§ **Your assignment**: All of the data should be repeated exactly; pictures are not part of the copy.

**** Data segment

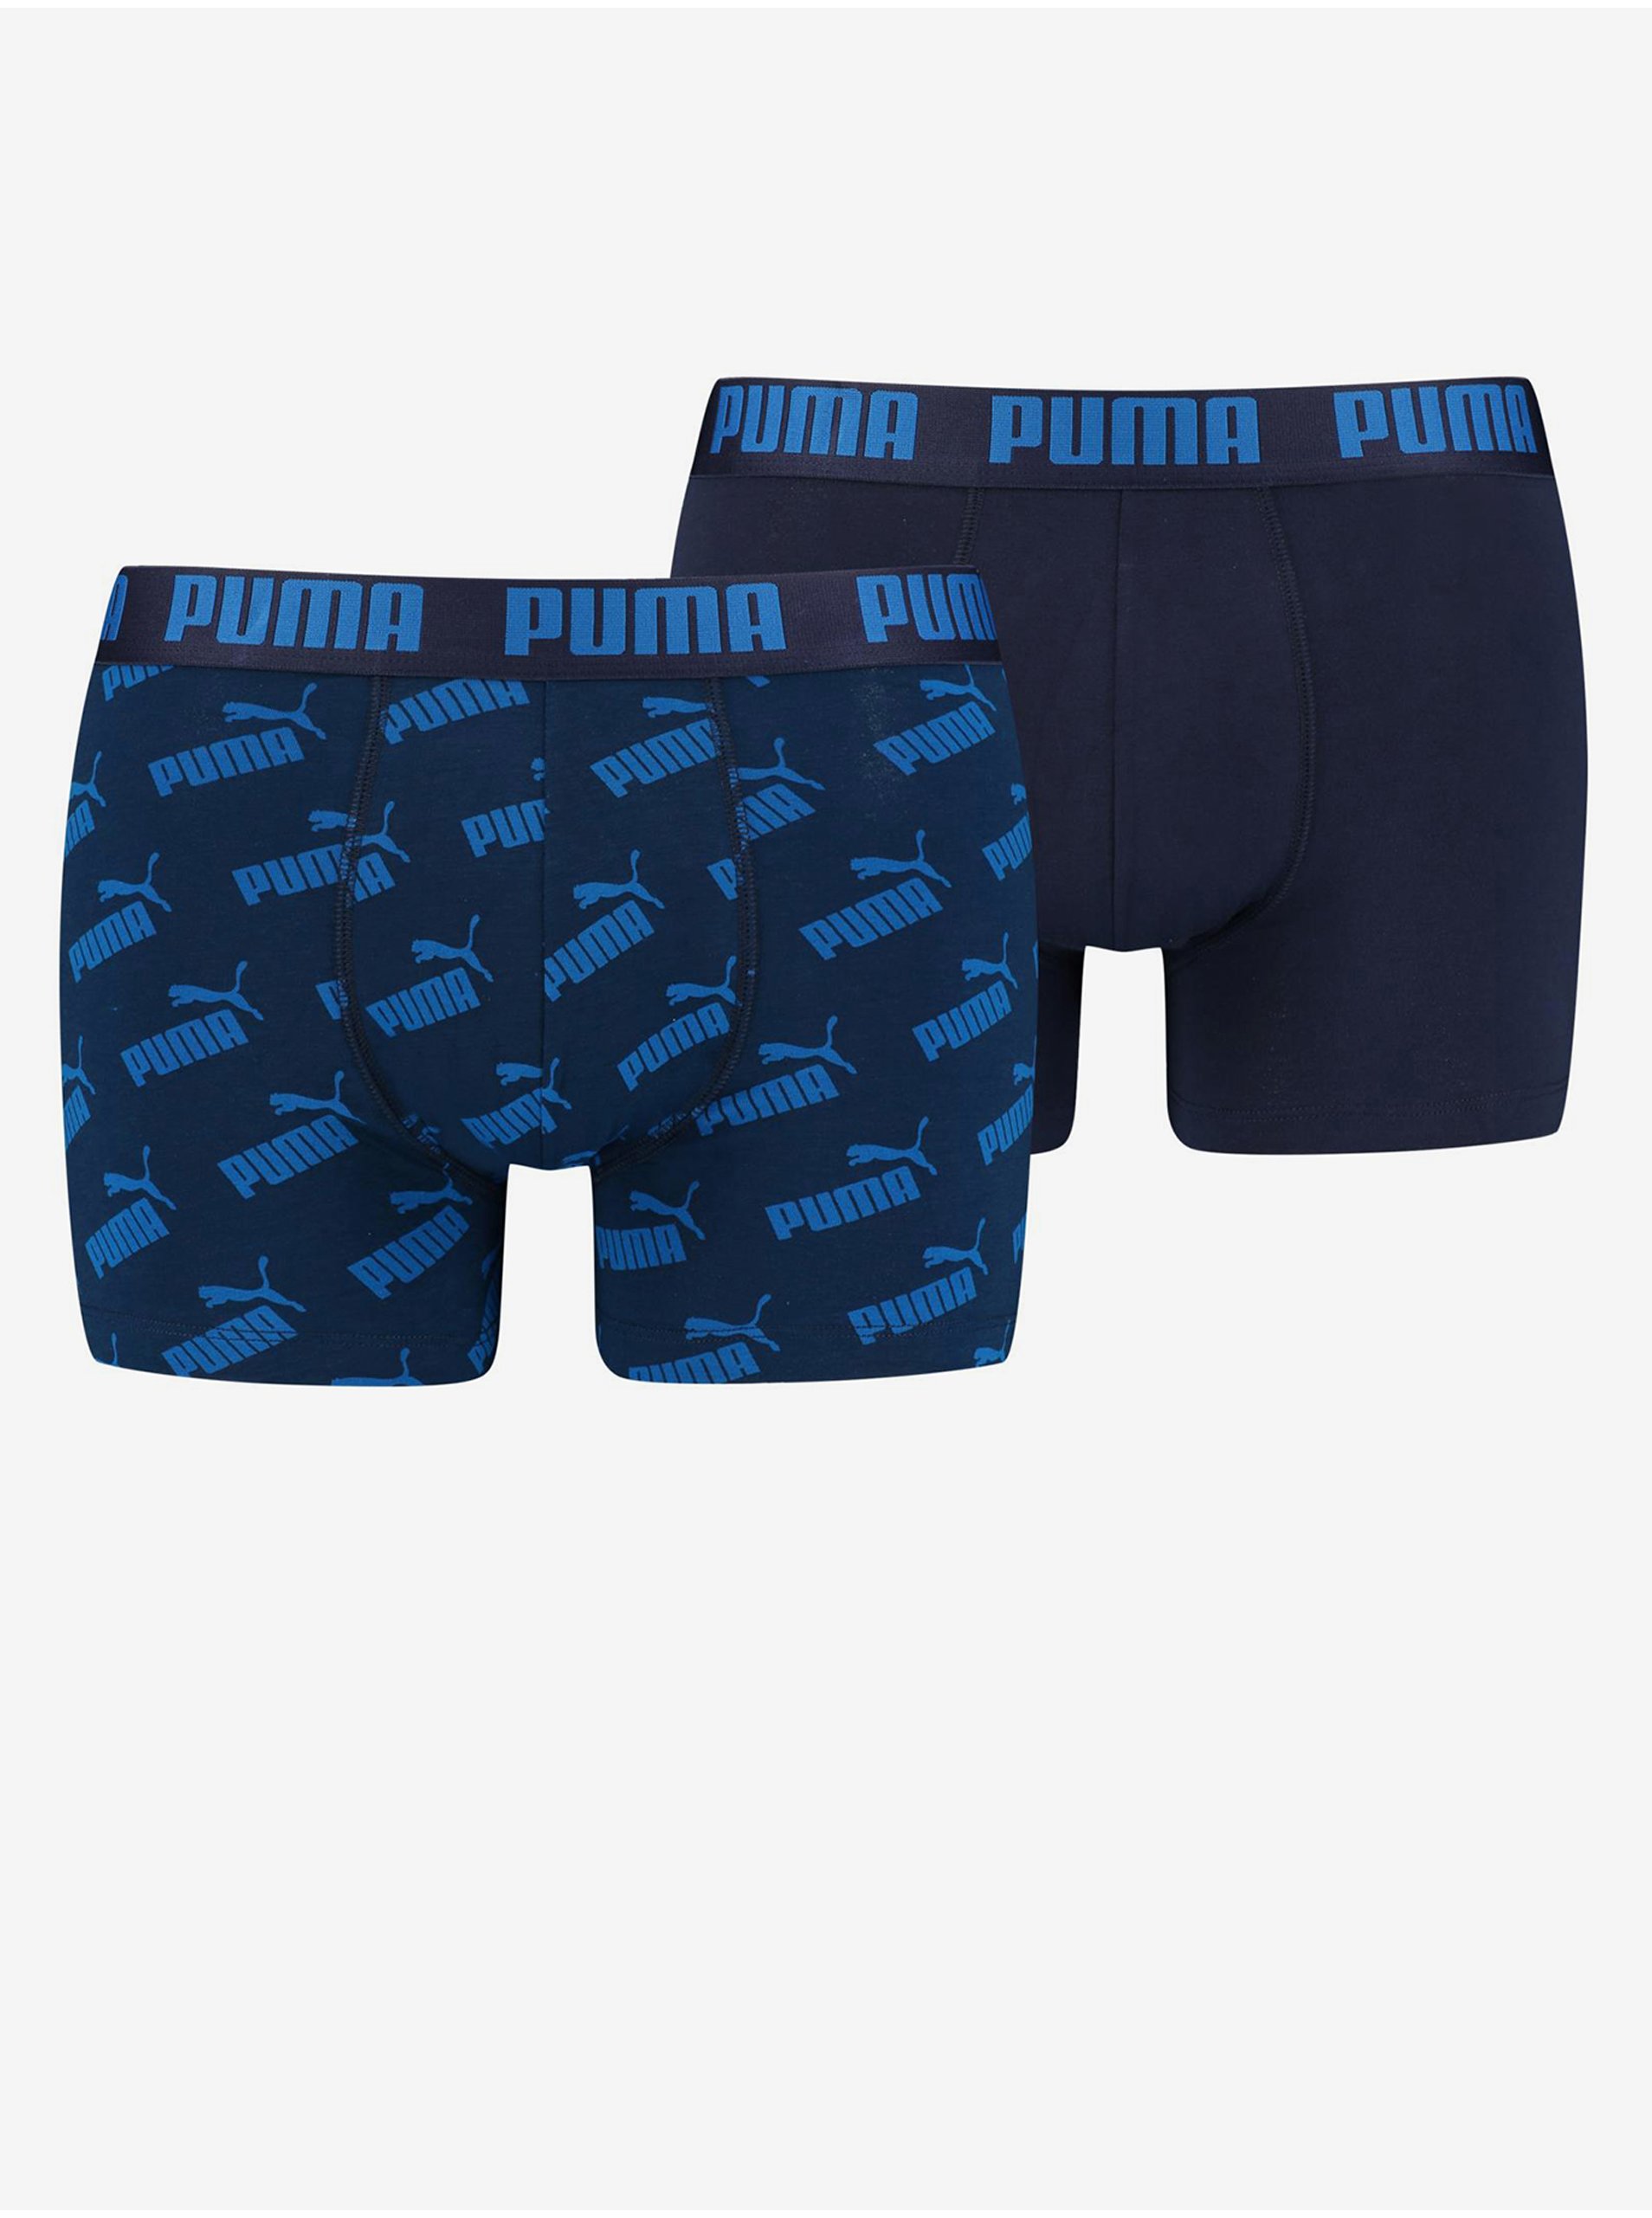 E-shop Sada dvoch párov pánskych boxerok v tmavomodrej farbe Puma
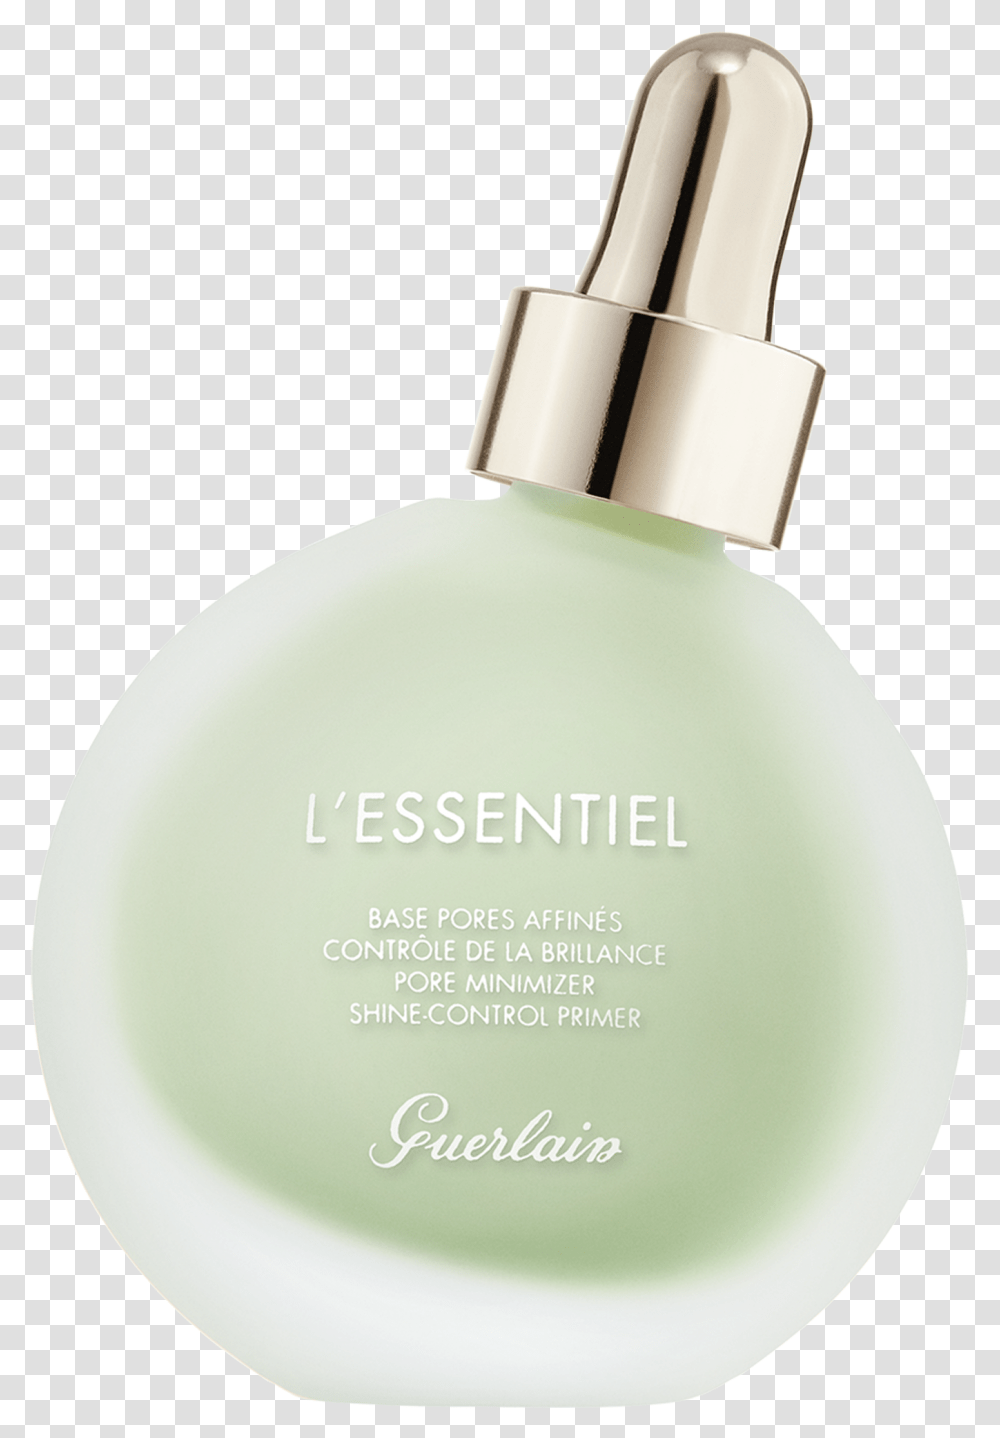 Mon Guerlain Perfume, Bottle, Lamp, Cosmetics, Lotion Transparent Png
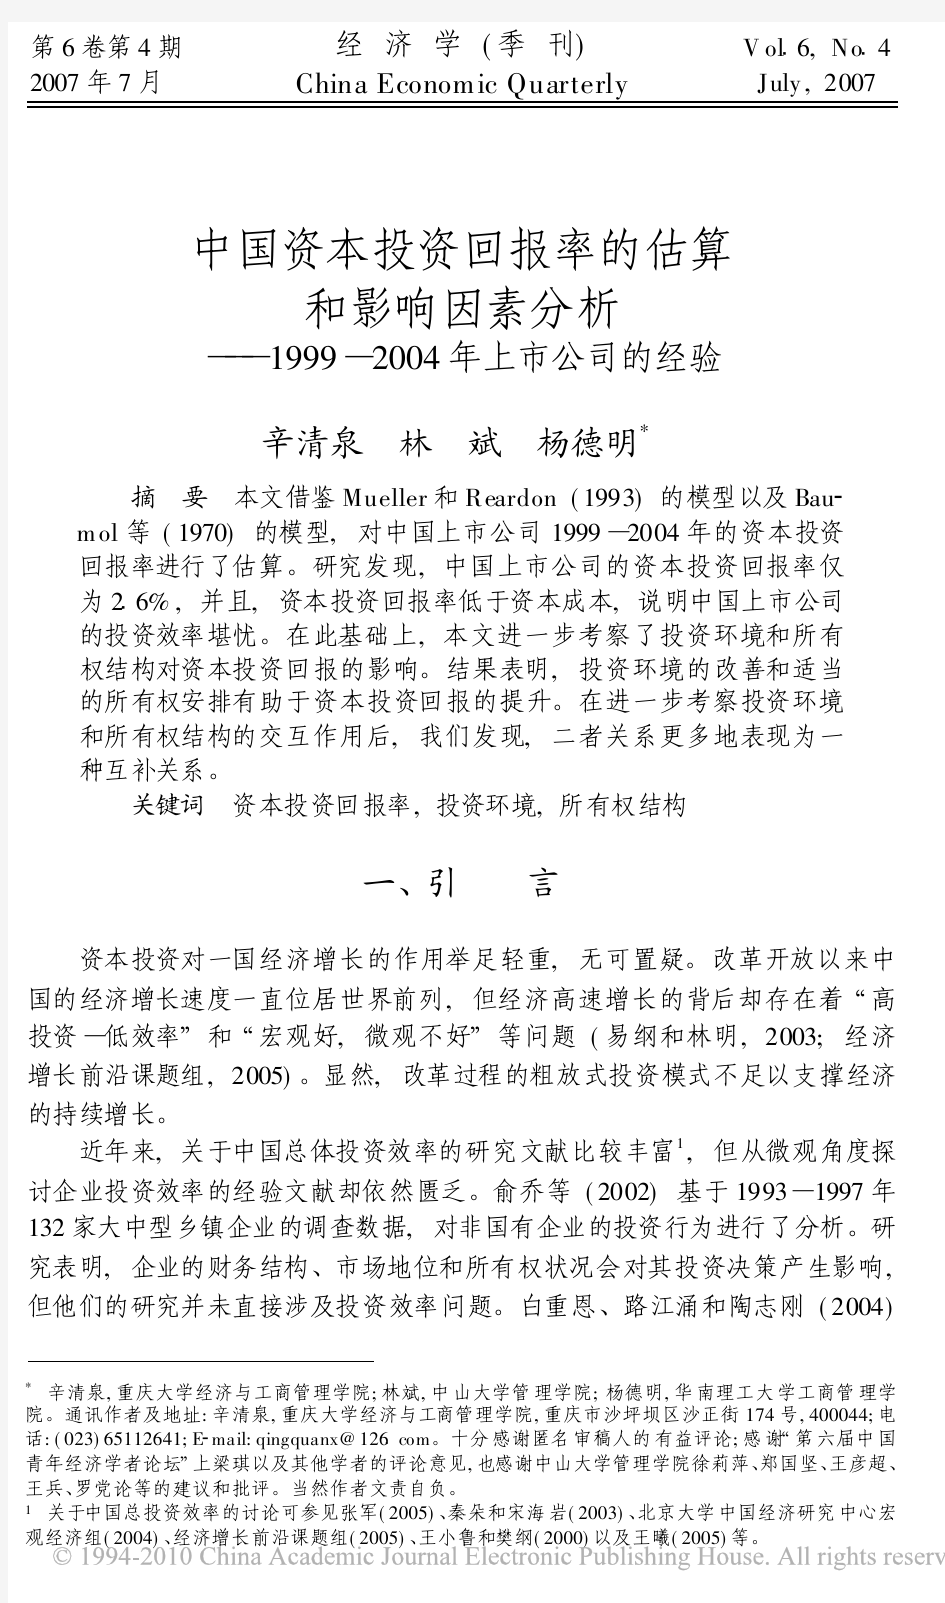 中国资本投资回报率的估算和影响因素分析_1999_2004年上市公司的经验

********

§ **Exercise response**:
 E-shop Sada dvoch párov pánskych boxerok v tmavomodrej farbe Puma
 Mon Guerlain Perfume, Bottle, Lamp, Cosmetics, Lotion Transparent Png
 中国资本投资回报率的估算和影响因素分析_1999_2004年上市公司的经验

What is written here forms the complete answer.